**Student:** Michele Cristina Otta

# Times Series Forecasting
Data Science Track -> Air Quality Index Forecasting

In [1]:
!pip install ucimlrepo

Collecting ucimlrepo
  Downloading ucimlrepo-0.0.7-py3-none-any.whl.metadata (5.5 kB)
Downloading ucimlrepo-0.0.7-py3-none-any.whl (8.0 kB)
Installing collected packages: ucimlrepo
Successfully installed ucimlrepo-0.0.7


In [12]:
from ucimlrepo import fetch_ucirepo
import pandas as pd
import numpy as np

# load air quality index dataset
air_quality = fetch_ucirepo(id=360)
air_quality = pd.DataFrame(air_quality.data.features)
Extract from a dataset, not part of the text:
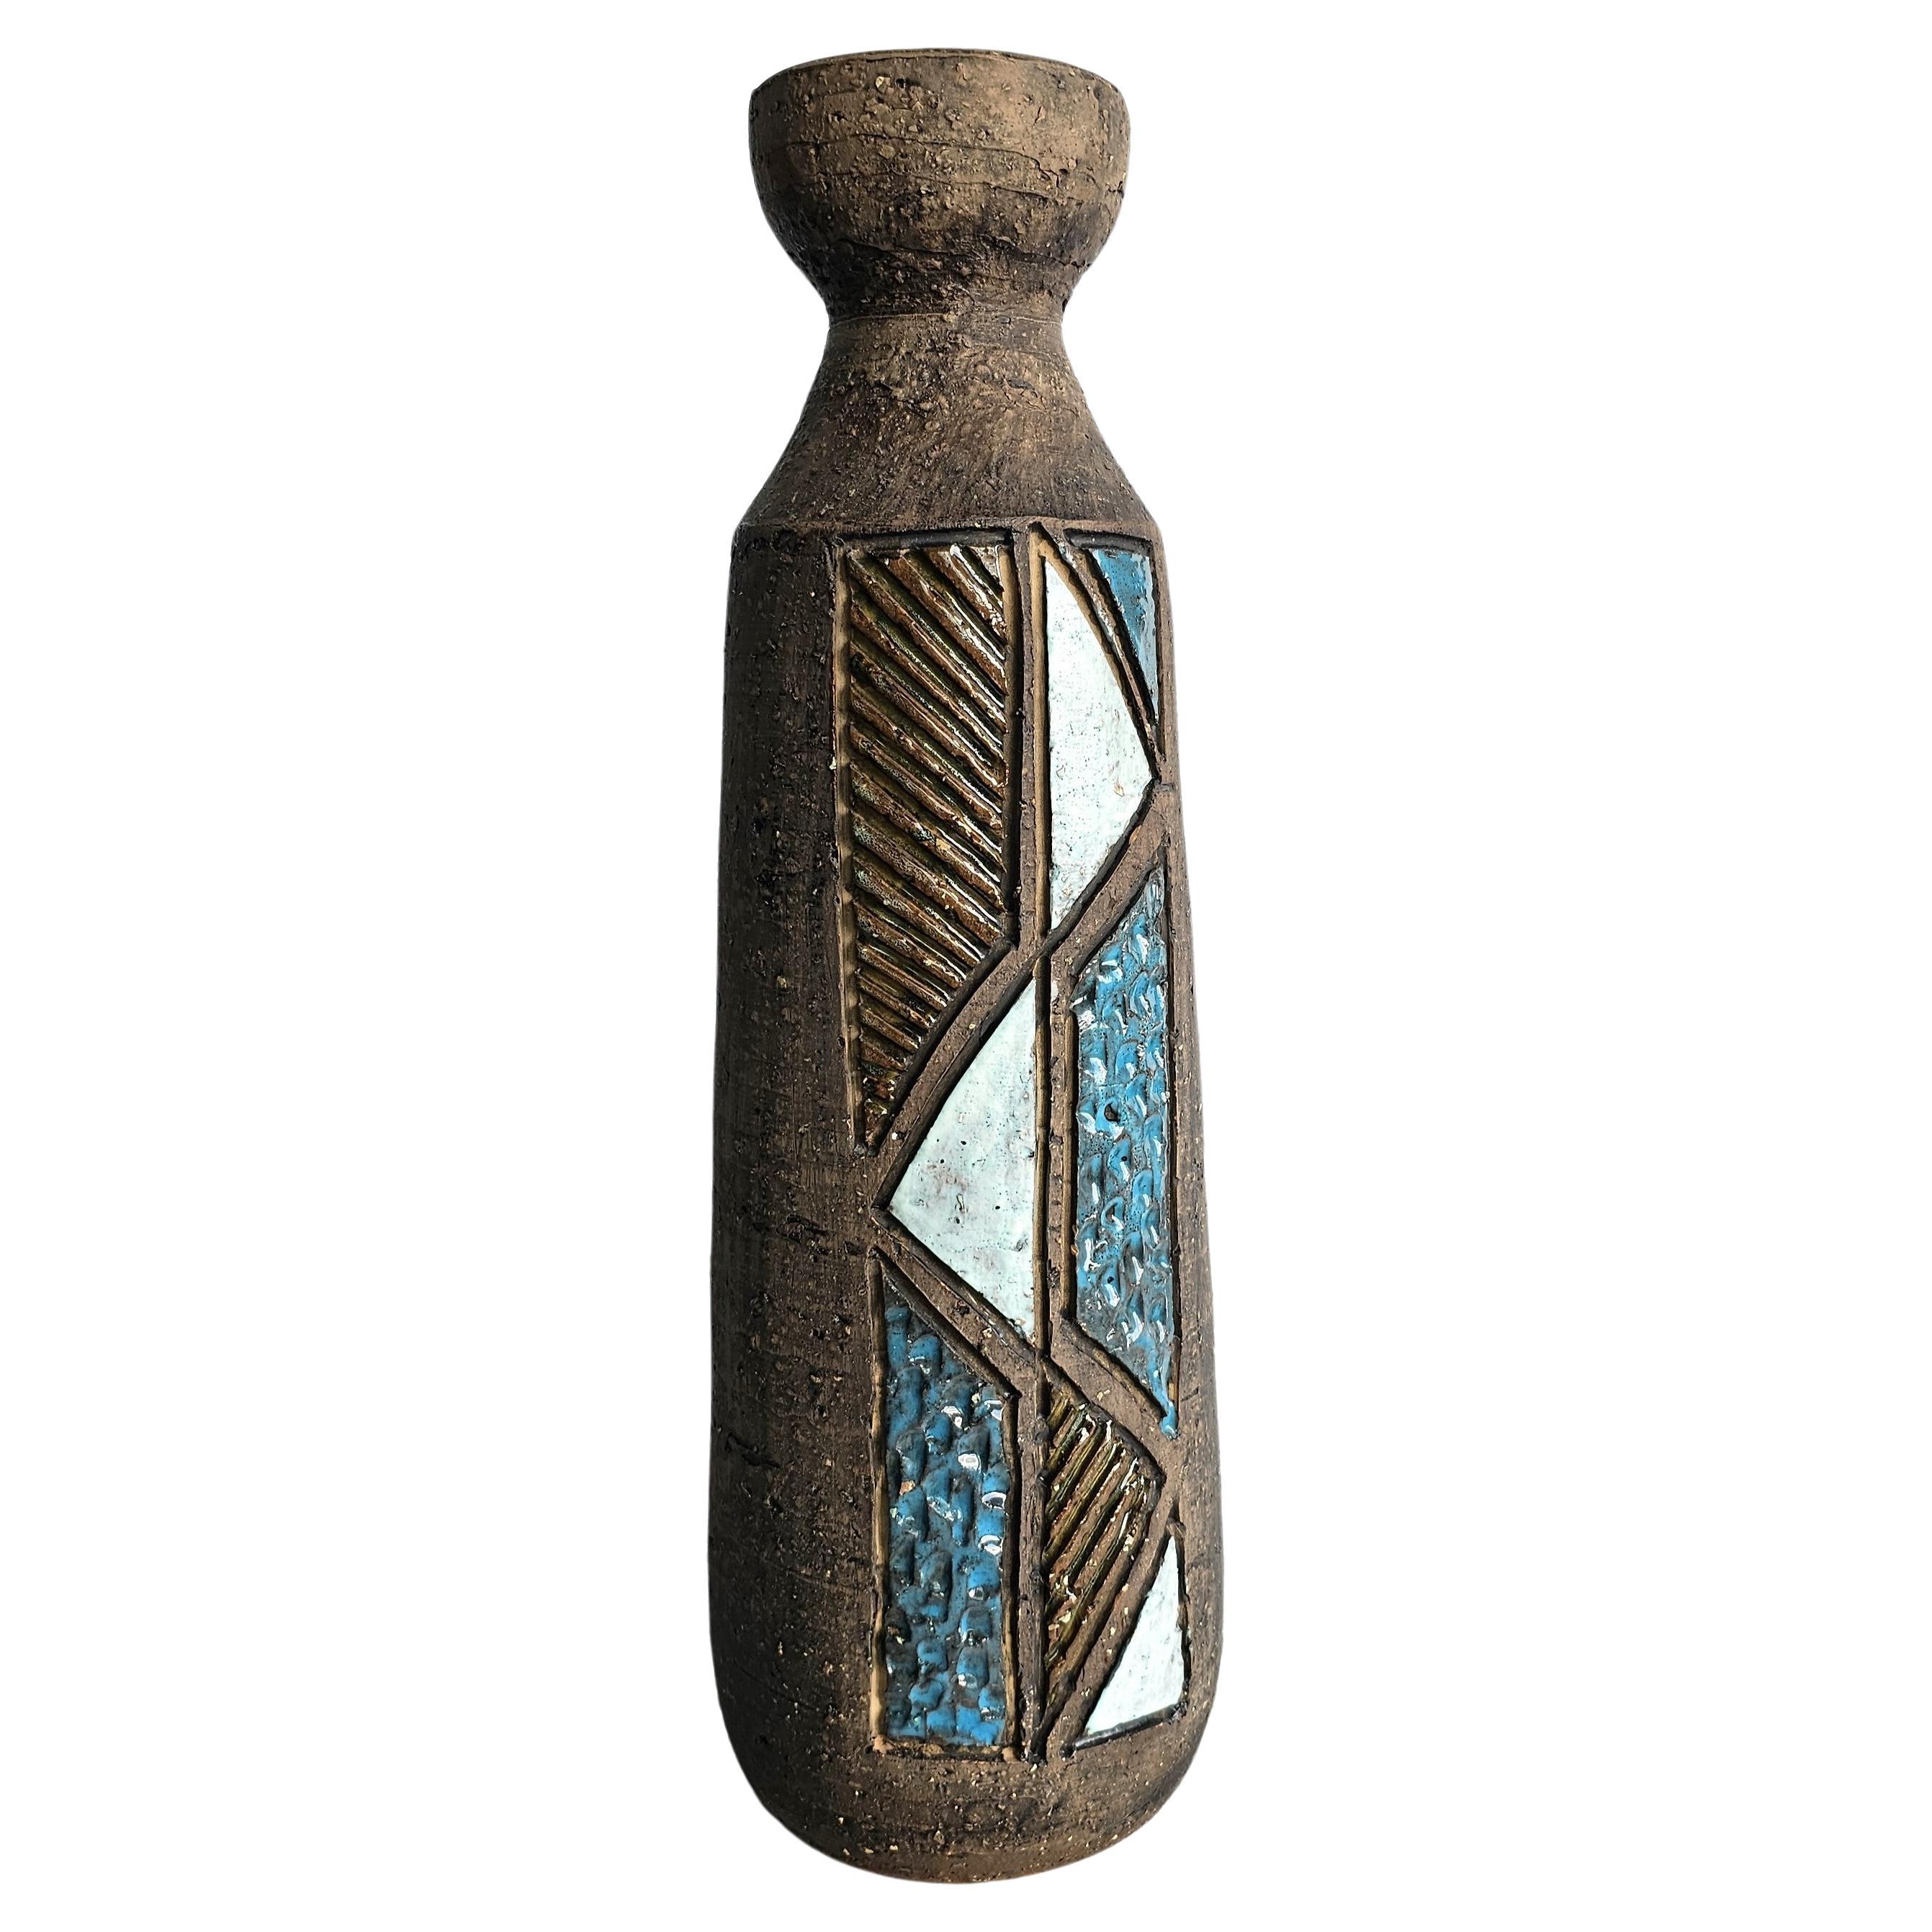 Tilgmans Keramik, Swedish Midcentury Modernist Sgraffito Sculptural Bottle Vase For Sale

air_quality['Date'] = pd.to_datetime(air_quality['Date'], format='mixed').dt.strftime('%Y/%m/%d')
air_quality['Timestamp'] = pd.to_datetime(air_quality['Date'].astype(str) + ' ' + air_quality['Time'])
air_quality.set_index('Timestamp', inplace=True)
air_quality.drop(columns=['Date', 'Time'], inplace=True)
air_quality.sort_index(inplace = True)

# prepare the data as a time series forecasting task
def prepare_data(dataset, series='NO2(GT)', lag=2, horizon=1):

    u = dataset[series].to_numpy()

    n = len(u)
    X, y = [], []

    for i in range(n - lag - horizon + 1):
        X.append(u[i : i + lag])
        y.append(u[i + lag + horizon - 1])

    return np.array(X), np.array(y)

x, y = prepare_data(air_quality)

print(x)
print(y)

[[113  92]
 [ 92 114]
 [114 122]
 ...
 [190 179]
 [179 175]
 [175 156]]
[114 122 116 ... 175 156 168]


In [7]:
from sklearn.model_selection import TimeSeriesSplit

# use times series split (5 splits)
tscv = TimeSeriesSplit(n_splits=5)
print(tscv)
for i, (train_index, test_index) in enumerate(tscv.split(x)):
    print(f"Fold {i}:")
    print(f"  Train: index={train_index}")
    print(f"  Test:  index={test_index}")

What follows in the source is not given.